First, recognize that you're not alone—many new mothers experience decreased libido due to hormonal shifts, lack of sleep, fear of pain with intercourse and the stress of caring for a newborn, says OB-GYN Tracy W. Gaudet, M.D., author of Body, Soul, and Baby: A Doctor's Guide to the Complete Pregnancy Experience, From Preconception to Postpartum (Bantam). Here are three tips to help you through this tricky time:
1. Be patient. Have compassion for the major changes your body and mind are undergoing, and encourage your partner to as well. While the majority of women are physically able to have sex six weeks after giving birth, nearly all need more time to adapt to their new role, Gaudet says. "Explain to your husband that this is a normal, temporary phase that many women experience," she adds. "If you try to power through it for his sake, the sex could be uncomfortable and decrease your desire even more."

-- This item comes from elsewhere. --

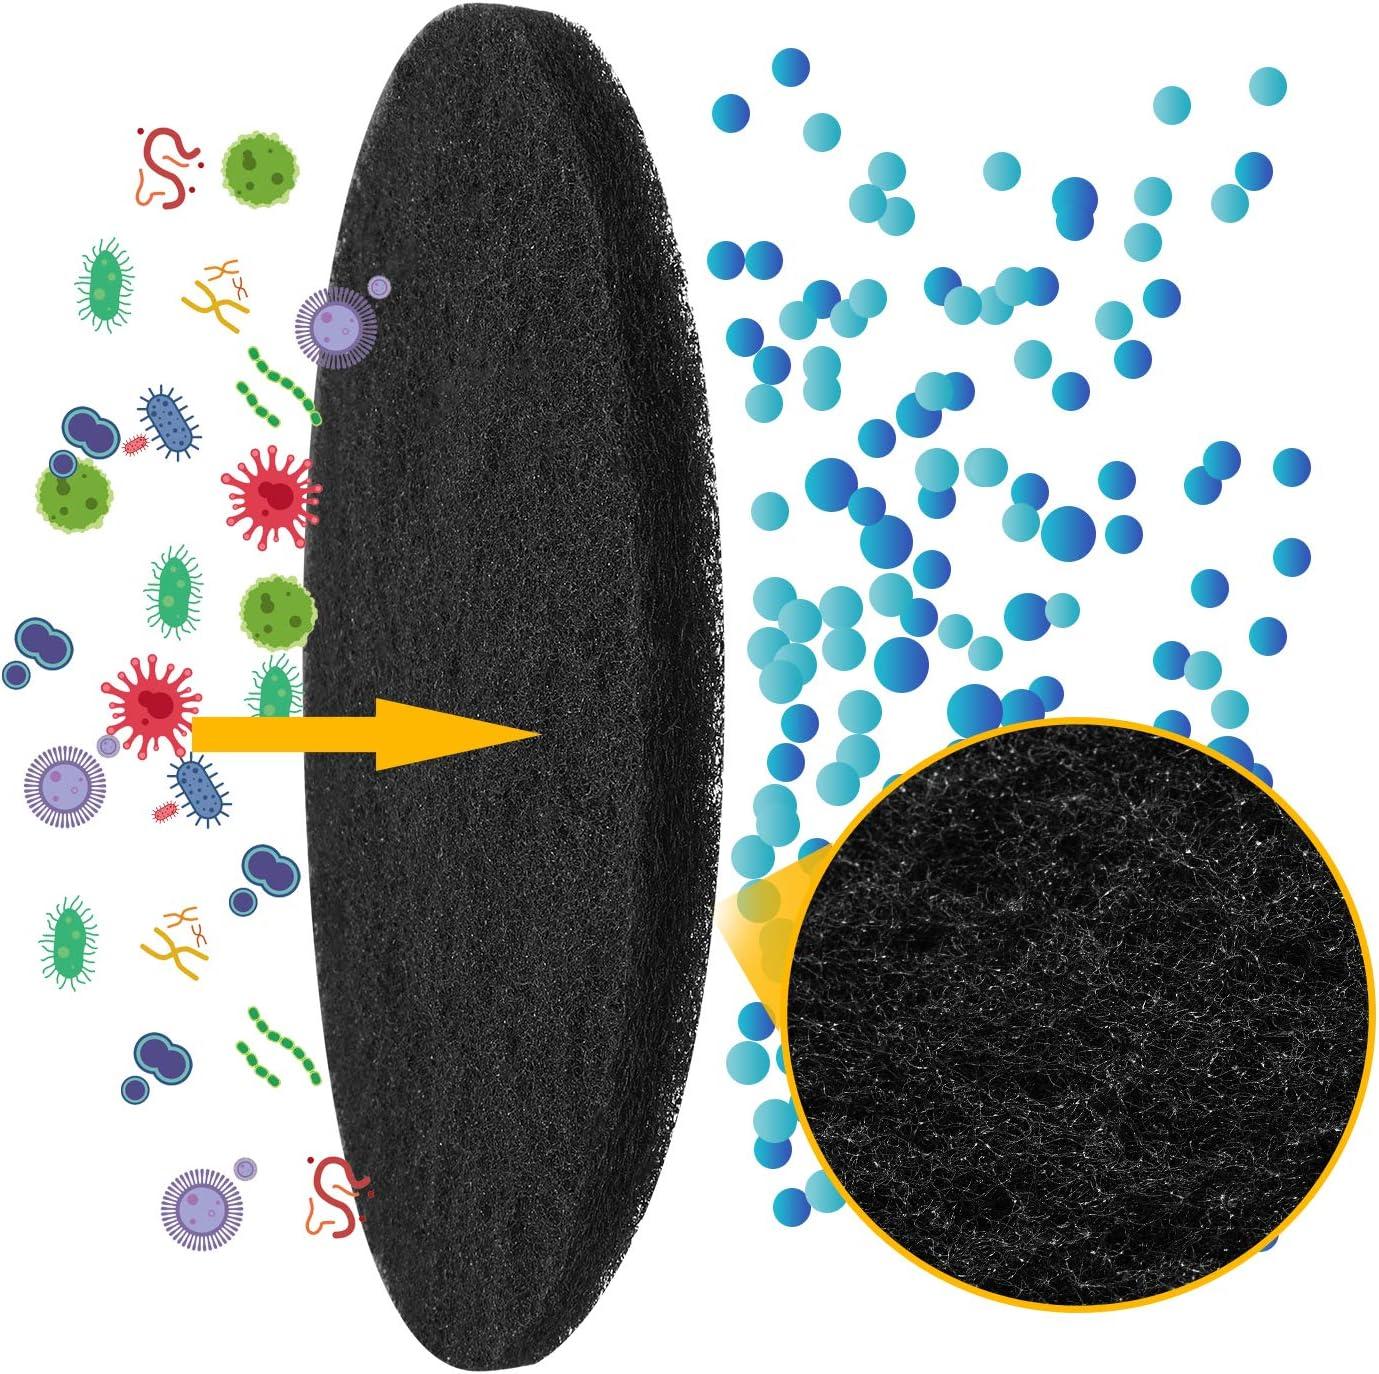 Filtros de Carb/óN para Cocina Compost Bin Onesight Filters Reemplazo de Cubo de Compostaje Filtro de Carb/ón de Repuesto

2. Prioritize time alone together. "When you're busy with a new baby, private time with your husband is usually the first thing that goes out the window," says Gaudet. "That's a mistake." For women, she explains, libido is often linked with a feeling of connection—and that's difficult to achieve if you only relate to each other as parents. Make it a goal to have at least one "date" with your husband by the three-month mark, if not sooner.
3. Get creative. When you're ready to be intimate again for the first time, consider ruling out intercourse altogether. Instead, agree to give each other pleasure in other ways. "After you have a baby, fear of pain is common and is a big mood-spoiler," Gaudet says. "By taking intercourse off the table, you'll be much more relaxed and able to enjoy the experience."